Empat Warga Pulau Pari Gugat Raksasa Semen Eropa
8 Februari 2023Gugatan empat warga Pulau Pari di kawasan Laut Jawa di utara Jakarta terhadap pabrik semen Holcim di Swiss itu dilayangkan bersama Wahana Lingkungan Hidup Indonesia (WALHI) selaku perwakilan hukum warga pulau Pari di Indonesia dan Hilfswerk der Evangelischen Kirchen Schweiz (HEKS) selaku perwakilan hukum di Swiss.
Upaya warga pulau Pari ini juga mendapat dukungan sejumlah LSM internasional seperti Friends of the Earth International (FOEI) dan European Center for Constitutional and Human Rights (ECCHR) yang turut berpartisipasi dalam gugatan ini.
"Dampak perubahan iklim yang terjadi di pantai Bintang, pantai Renggek, pantai Perawan terlihat sekali. Dulu kita enggak pernah ada rob di sini (tetapi) lima tahun belakangan ini terjadi rob melulu. Setahun kadang dua kali, sampai banyak pohon-pohon mati,” tutur Asmania (40), perempuan asal pulau Pari yang menjadi salah satu penggugat kepada DW, Kamis (20/1).

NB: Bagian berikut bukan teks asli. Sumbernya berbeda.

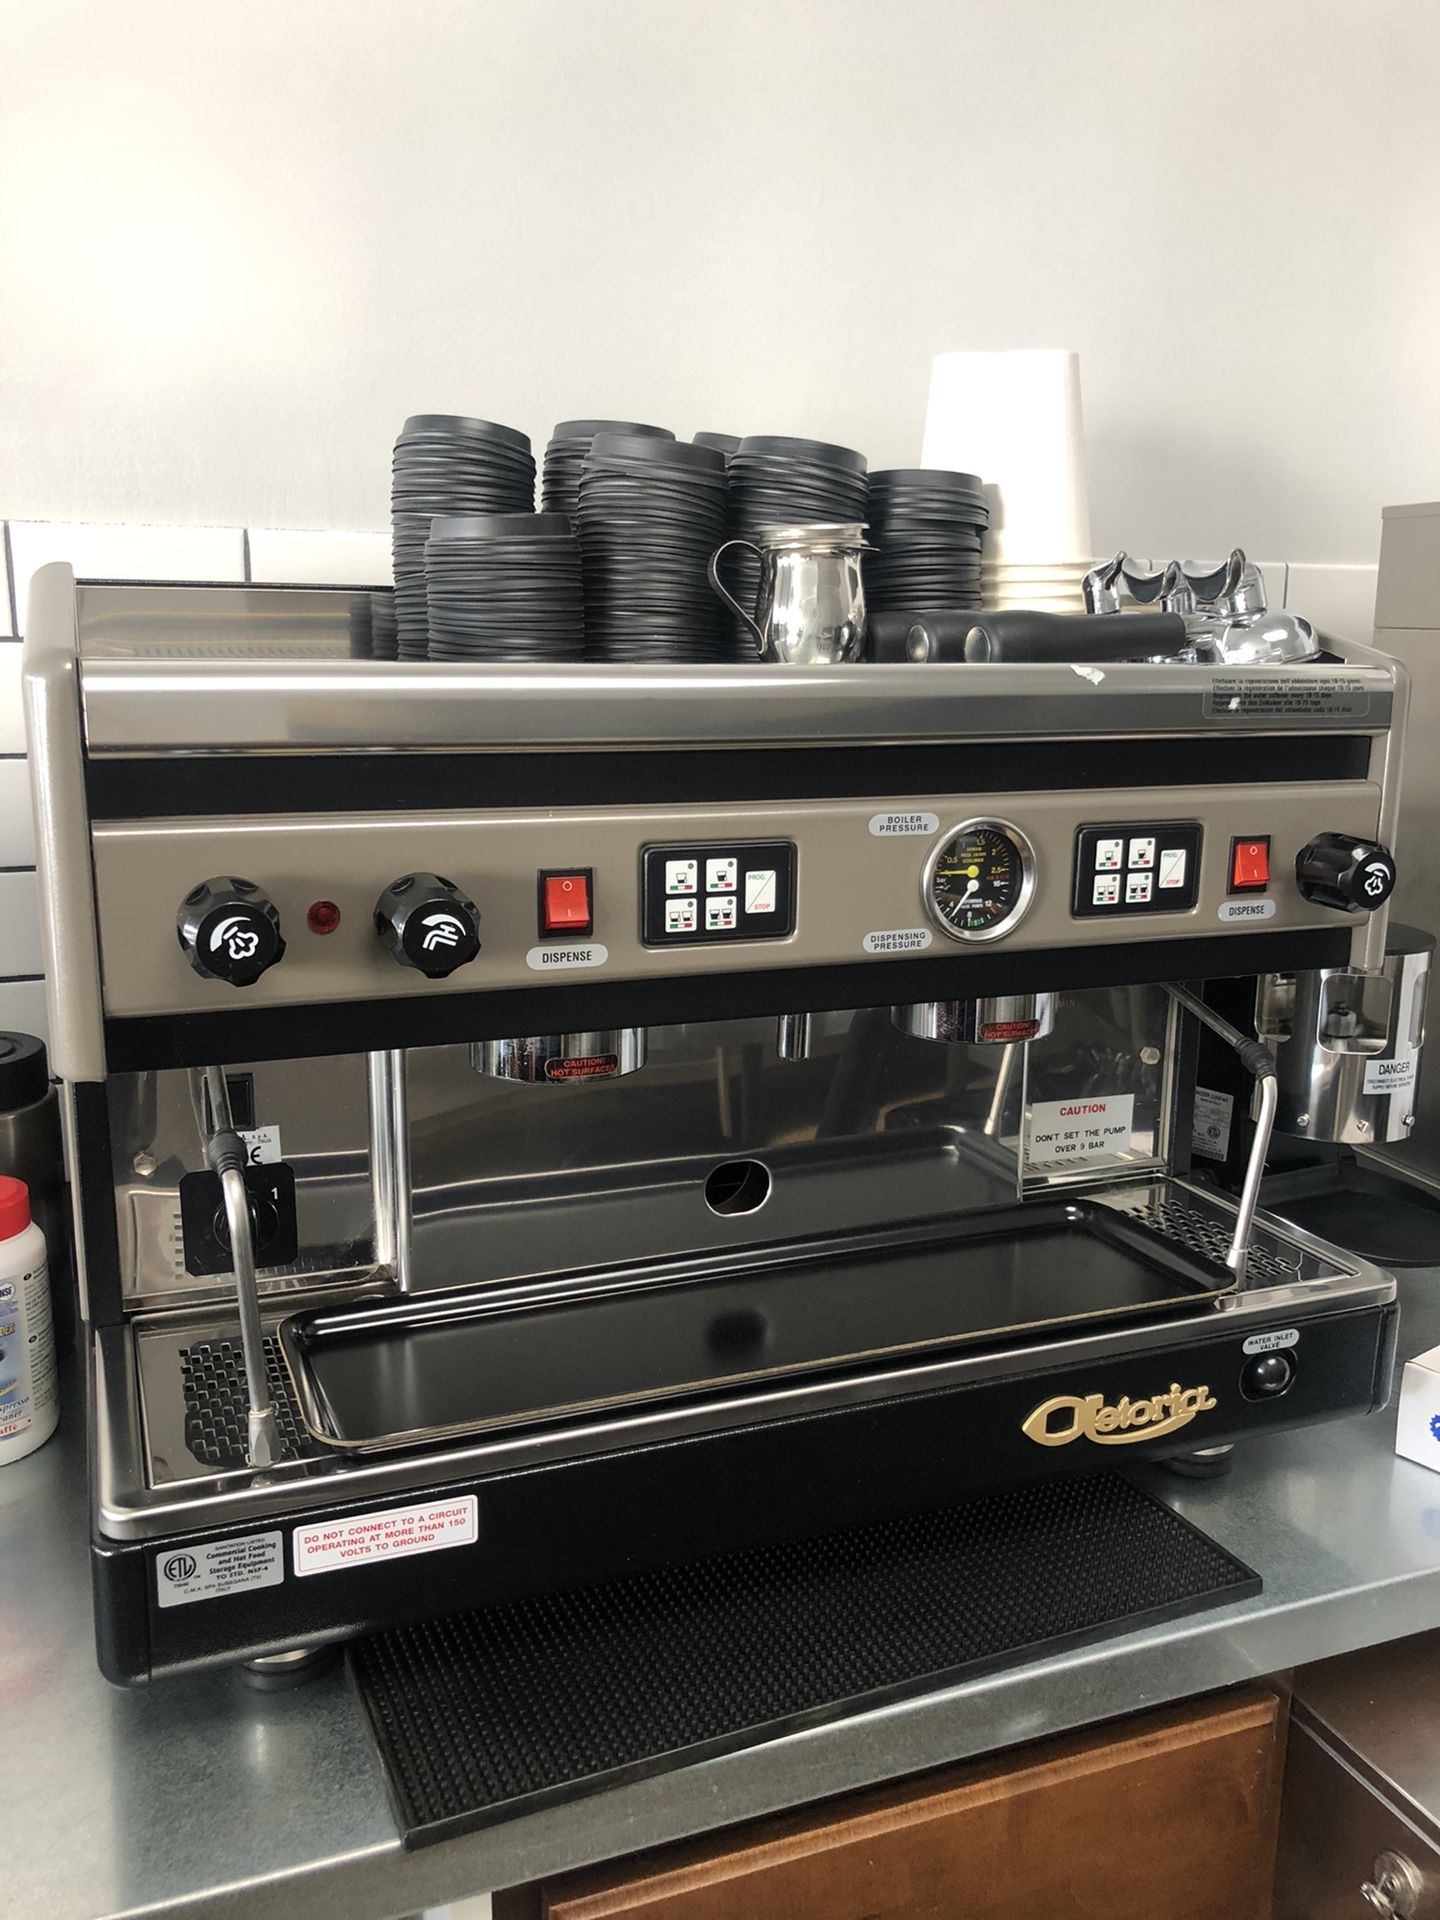 Commercial Sized Espresso Machine

Tidak ingin tinggal diam melihat dampak perubahan iklim tersebut, Asmania bersama Mustaghfirin dan dua warga pulau Pari lainnya memutuskan untuk menggugat industri semen asal Swiss, Holcim, lantaran dianggap telah memproduksi emisi karbon yang berakibat pada segundang permasalahan yang kini dihadapi masyarakat pulau Pari. Pulau seluas 42 hektar di laut Jawa dekat Jakarta itu menghadapi ancaman tenggelam ditelan naiknya permukaan air laut dalam 30 tahun mendatang, sebagai dampak pemanasan global.

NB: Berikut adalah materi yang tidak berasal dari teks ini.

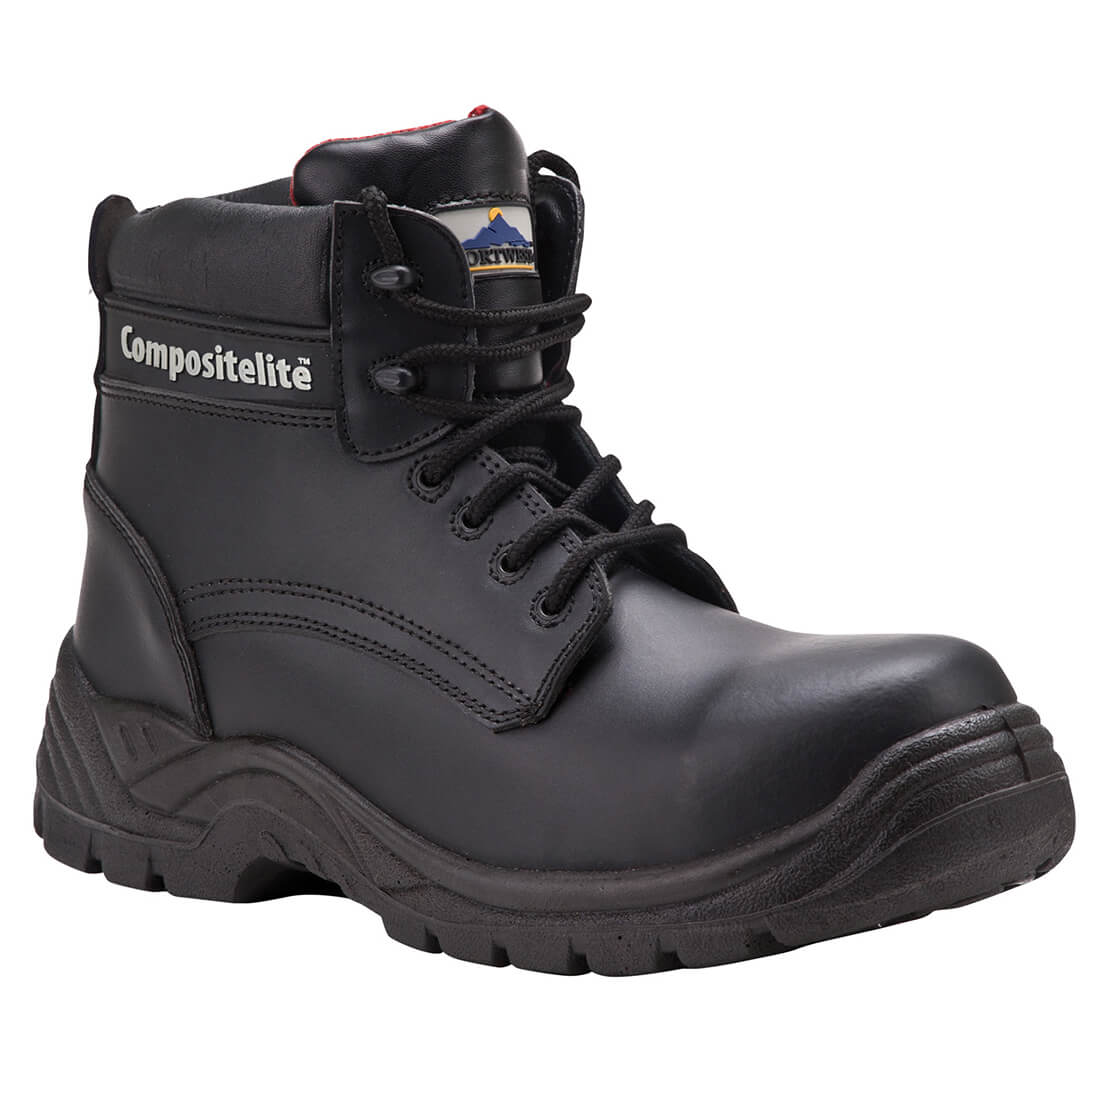 Portwest Compositelite Thor Safety Boots Black Size 10

Mengapa Holcim yang digugat?
Masyarakat pulau Pari tidak serta merta menyasar raksasa semen Eropas, Holcim sebagai obyek gugatan mereka. Sejak dampak perubahan iklim mulai dirasakan warga pulau Pari pada tahun 2018 lalu, serangkaian musyawarah dilakukan masyarakat dalam Forum Peduli Pulau Pari bersama WALHI, untuk mencari tahu sumber dan solusi atas persoalan yang tengah dihadapi saat itu.
Edi Mulyono (38), seorang nelayan pulau Pari yang turut ikut sebagai penggugat Jum'at (21/1) menuturkan kepada DW, masyarakat pulau Pari sempat kebingungan kepada siapa gugatan ini harus diajukan. Mereka menyadari bahwa kerusakan iklim tidak hanya dilakukan oleh satu atau dua perusahaan saja. Namun, setelah melalui serangkaian musyawarah, akhirnya diputuskan bahwa masyarakat pulau Pari akan menggugat Holcim.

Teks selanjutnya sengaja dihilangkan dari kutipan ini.